# Clustering

In this notebook clustering is being applied to the correlation dataframe in order to group countries by similarity. The analysis will be performed for the different dimensions of the indicators: equality, socio-demographic and economic. In the end there is a global analysis  using all the indicators and giving a final conclusion to this notebook.

### Import

Import all the libraries and the correlation dataframe generated in the Notebook-Golden.

In [None]:
import os
import numpy as np
import pandas as pd
import matplotlib.pyplot as plt
import plotly.express as px
from numpy import sort
from sklearn.manifold import TSNE
import ipywidgets as widgets
import seaborn as sns
import warnings
warnings.filterwarnings("ignore")
from matplotlib import gridspec
from sklearn.cluster import OPTICS, cluster_optics_dbscan
from sklearn.preprocessing import normalize, StandardScaler
from sklearn.cluster import AffinityPropagation
from ipywidgets import interact, interact_manual
import matplotlib.pyplot as plt
from matplotlib_venn import venn3

output_path = os.getcwd() + '/Output/'
col_country = 'Country'
col_region = 'Region'
col_year = 'Year'
col_cluster = 'Cluster'
col_1comp = '1st_component'
col_2comp = '2nd_component'

## LOADING THE DATAFRAME
We will use the Pearson Correlation Dataframe. We could use Spearman's by simply changing the name of the file to be read.

In [None]:
corr_df = pd.read_csv(output_path + 'Corr_DF_pearson.csv', index_col = col_country)
corr_df

## DEFINING THE GROUPS

In order to carry out a more sensitive study, we will not only study the indicators as a whole, but also separate them in the following groups to study them more in-depth.

In [None]:
econ_ind = 'Economic Indicators'
socdem_ind = 'Social-demographic Indicators'
eq_ind = 'Equality Indicators'
all_ind = 'All indicators'

ind_dict = {
    econ_ind: ['CreditToAgriFishForest', 'AgriShareGDP', 'EmploymentRural', '%EmploymentAgriFishForest', 'TotalAgri', '% Soldiers', '% Healthcare Investment', '% Employment Industry', '% Education Expenditure','R&D expenditure %GDP','Researchers in R&D','Employment in agriculture','Employment in industry','Employment in services','Cost business start-up','% Education Expenditure'],
    socdem_ind: ['Marriage Rate', 'Birth Rate', 'Death Rate', 'Homicides', 'Life Expectancy', 'Maternal Death Risk', 'Literacy Rate', 'Infant Mortality', '% Population Growth', '% Rural Population', 'Suicide Rate', 'Population'],
    eq_ind: ['Gender Equality', 'Gender Inequality','% Men Employment', '% Women Employment', 'Women Schooling Years', 'Men Schooling Years', 'Freedom of Expression', '% Undernourishment', 'Civil Liberties', 'Gini','Tertiary School Gender Parity','% Female Employment','% Male Employment','% Vulnerable male employment','% Vulnerable female employment'],
    all_ind: corr_df.columns.tolist()
}

# Keep only the ones that have been carried on to this point.

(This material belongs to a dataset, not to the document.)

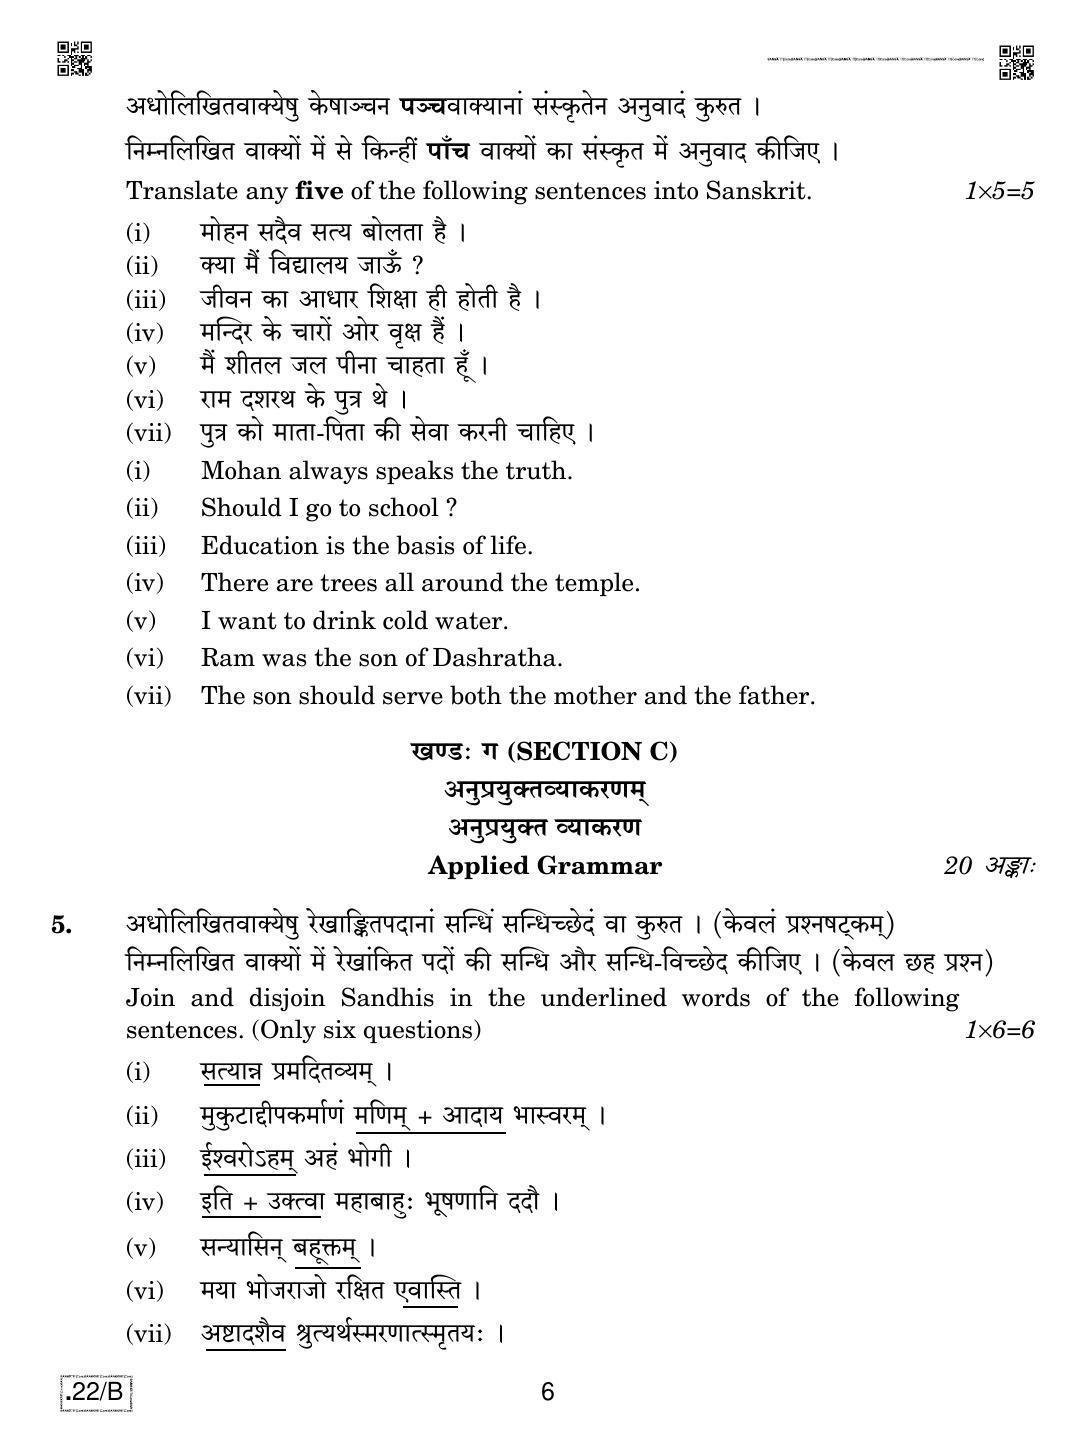 CBSE Class 12 Sanskrit Core 2020 Compartment Question Paper - Page 6

indicators = set(corr_df.columns)
for ind in ind_dict:
    ind_dict[ind] = list(set(ind_dict[ind]) & indicators)

# Divide the corr_df into slices for each group of indicators, normalize them and store them into a dict.
df_dict = {}
for ind in ind_dict:
    df_norm = corr_df.copy()
    df_norm.drop(df_norm.columns.difference(ind_dict[ind]), axis = 'columns', inplace=True)
    df_norm = df_norm.dropna(how = 'all').fillna(value = 0)
    df_norm.name = ind
    df_dict[ind] = df_norm

for ind in ind_dict:
    print(df_dict[ind].name)
    display(df_dict[ind])

## t-SNE

The algorithm of t-SNE (t-Distributed Stochastic Neighbor Embedding) is used to reduce the dimensionality of all the indicators to only 2 components. It admits a number of parameters to tune the procedure and obtain an optimal output: 
- N-components: the dimensions to analyze.
- Perplexity: measurement of how well a probability distribution or probability model predicts a sample.
- N-iter: iterations for the optimization
- Learning rate: how fast the algorithm learns. A high value may cause a ball form of the data.
- Init: Initialization of embedding. 'pca' is the new default for newer versions.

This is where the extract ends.